Laurance has begun using these same statistical tools to look for patterns in animal communication. Drawing on central concepts of information theory, he and colleagues from the University of California at Davis have precisely measured the complexity of the songs of humpback whales, comparing them with communication in other species--including humans. In the future, he plans to expand this innovative line of research, moving to the next level of understanding animal communication, and apply it to SETI (Search for Extraterrestrial Intelligence).

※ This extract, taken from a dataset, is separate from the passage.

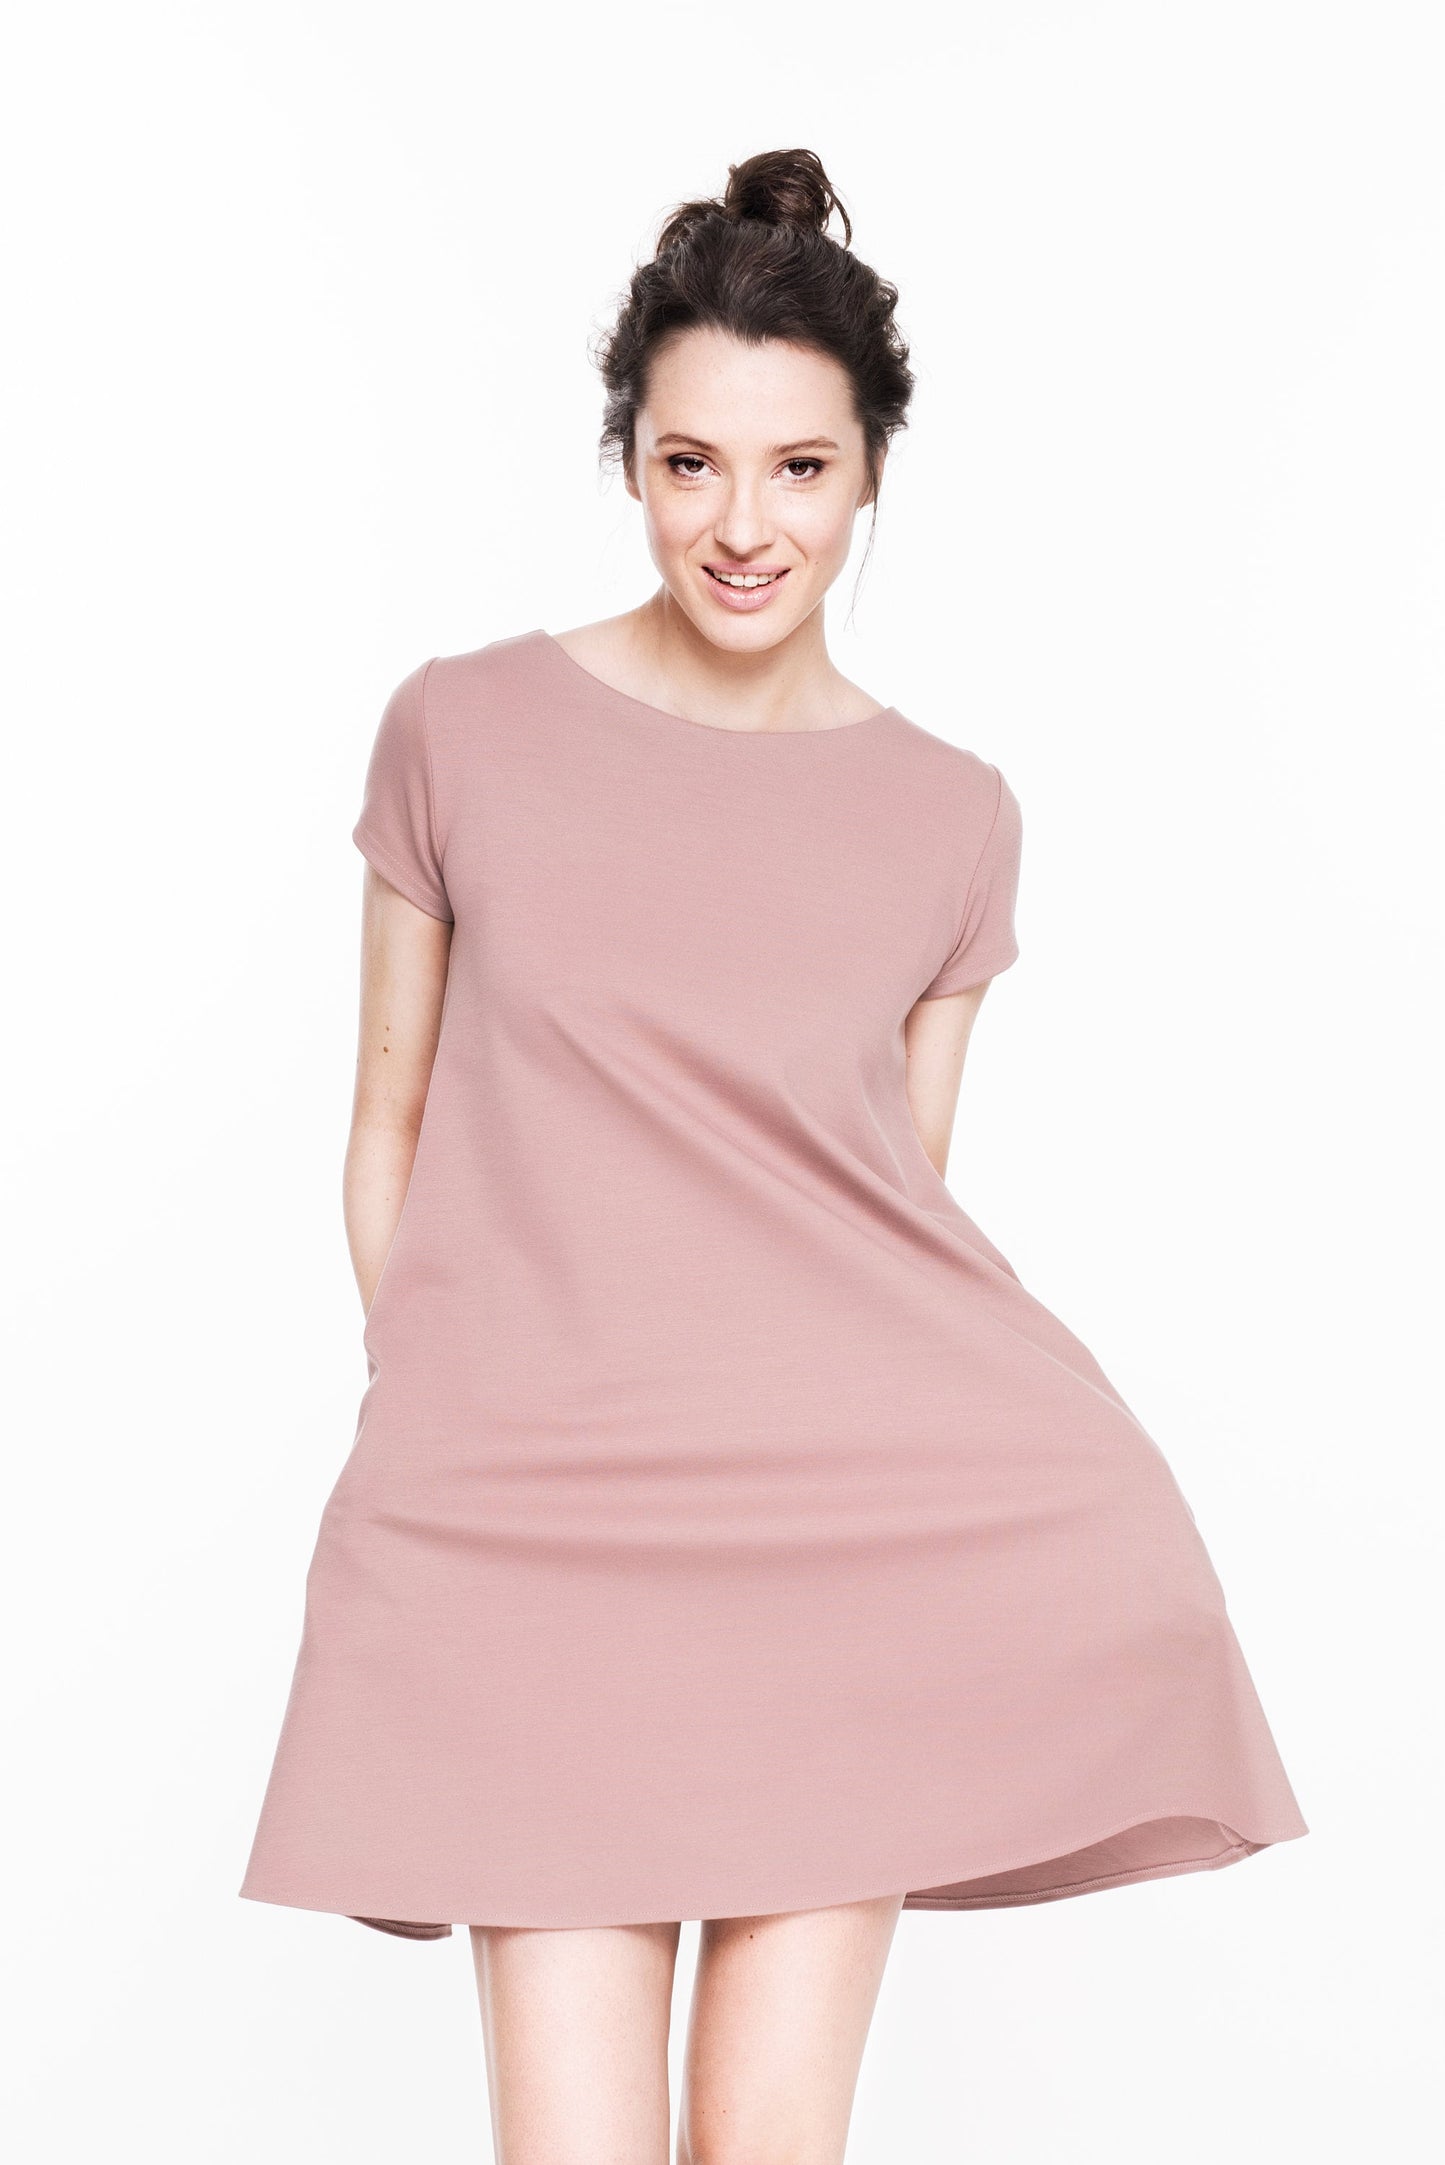 LeMuse SUMMER CALMNESS dress with buttons, Dusty rose, S

Tell us about your current research project.
I'm a Participating Scientist on NASA's Kepler science team. In layman's terms, my project involves searching for "Tatooine" planets, a nickname for a binary star system coined after Luke Skywalker's home planet in Star Wars. Ideally, the goal is to find a habitable planet that is going around two stars.

I'm in charge of detecting circumbinary planets that orbit eclipsing binary stars -- planets that orbit around both stars while the two stars orbit around each other. The stars that orbit each other across our line of sight eclipse each other regularly. This allows us to study the size of stars. Most of what we know about star size comes from eclipsing binaries.

The space-borne Kepler telescope is searching for the minute dips in brightness that occur when an orbiting planet crosses in front of its star, known as a "transit." When you plot the brightness with time, it's called a "light curve." The movement of the stars around each other while the planets move across the discs of the stars results in an unusual series of dips, which complicate the detection process.

How will you know if the planet is habitable?
For a planet to have the potential to be inhabited, it must be the right distance from the star so it will receive the right amount of light. The temperature of a habitable planet should allow liquid water to exist on the surface for long periods of time.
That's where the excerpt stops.